Deep generative models are key-enabling technology to computer vision, text generation and large language models. Denoising diffusion probabilistic models (DDPMs) have recently gained much attention due to their ability to generate diverse and high-quality samples in many computer vision tasks, as well as to incorporate flexible model architectures and relatively simple training scheme. Quantum generative models, empowered by entanglement and superposition, have brought new insight to learning classical and quantum data. Inspired by the classical counterpart, we propose the quantum denoising diffusion probabilistic models (QuDDPM) to enable efficiently trainable generative learning of quantum data. QuDDPM adopts sufficient layers of circuits to guarantee expressivity, while introduces multiple intermediate training tasks as interpolation between the target distribution and noise to avoid barren plateau and guarantee efficient training. We demonstrate QuDDPM's capability in learning correlated quantum noise model and learning topological structure of nontrivial distribution of quantum data.

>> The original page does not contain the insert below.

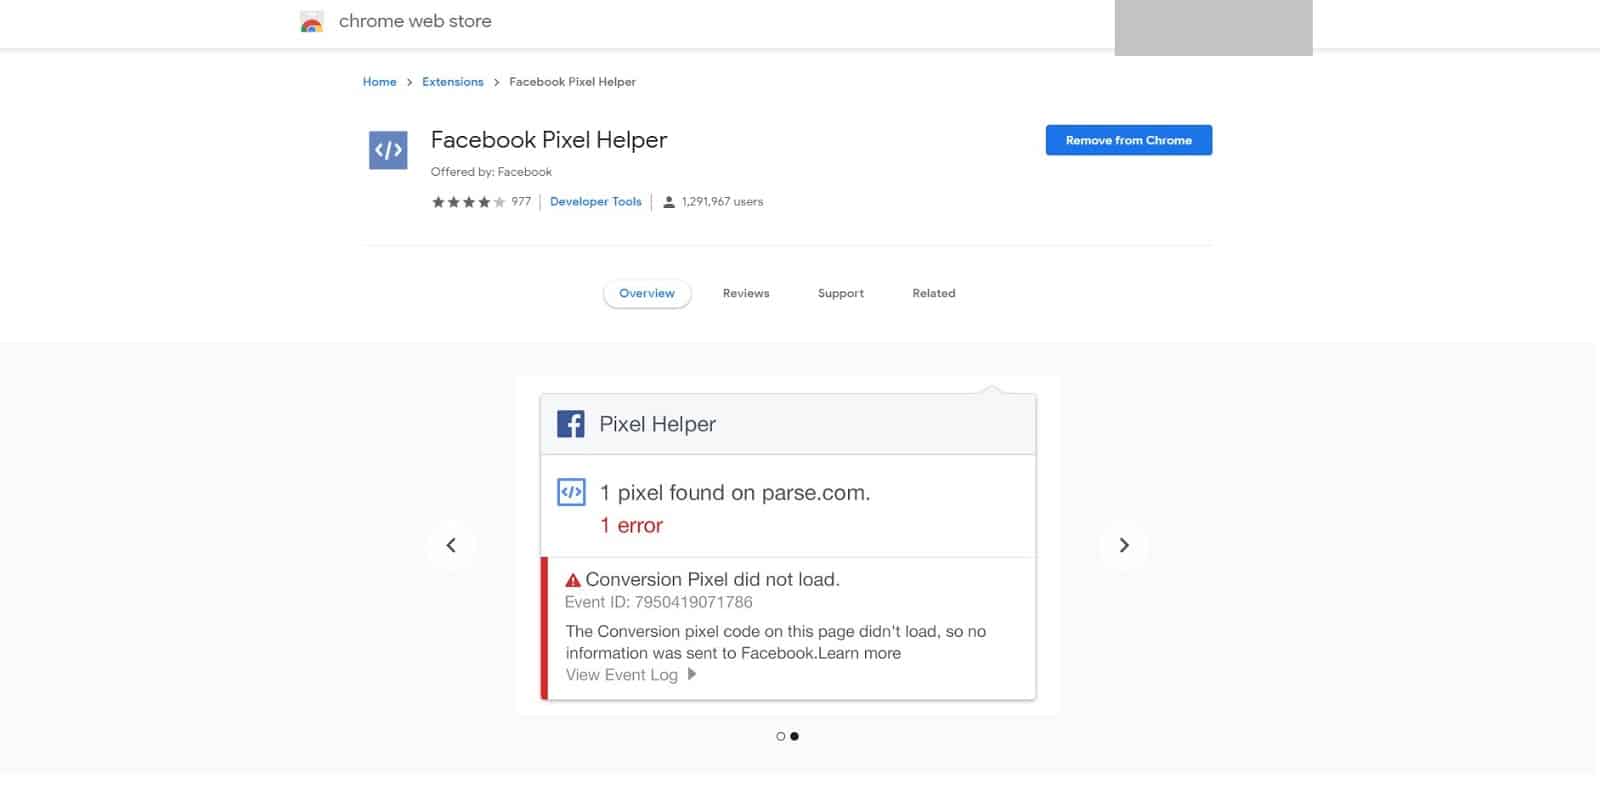 Facebook Pixel Helper Extension in Chrome Web Store

翻译：深度生成模型是计算机视觉、文本生成和大语言模型的关键使能技术。去噪扩散概率模型（DDPMs）因其在许多计算机视觉任务中生成多样且高质量样本的能力，以及灵活的模型架构和相对简单的训练方案，近期受到广泛关注。借助纠缠和叠加原理的量子生成模型为学习经典与量子数据带来了新见解。受经典对应方法的启发，我们提出量子去噪扩散概率模型（QuDDPM），以实现量子数据的高效可训练生成式学习。QuDDPM采用足够层数的电路以保证表达力，同时引入多个中间训练任务作为目标分布与噪声之间的插值，从而避免贫瘠高原并保证高效训练。我们展示了QuDDPM在学习相关量子噪声模型以及学习非平凡量子数据分布拓扑结构方面的能力。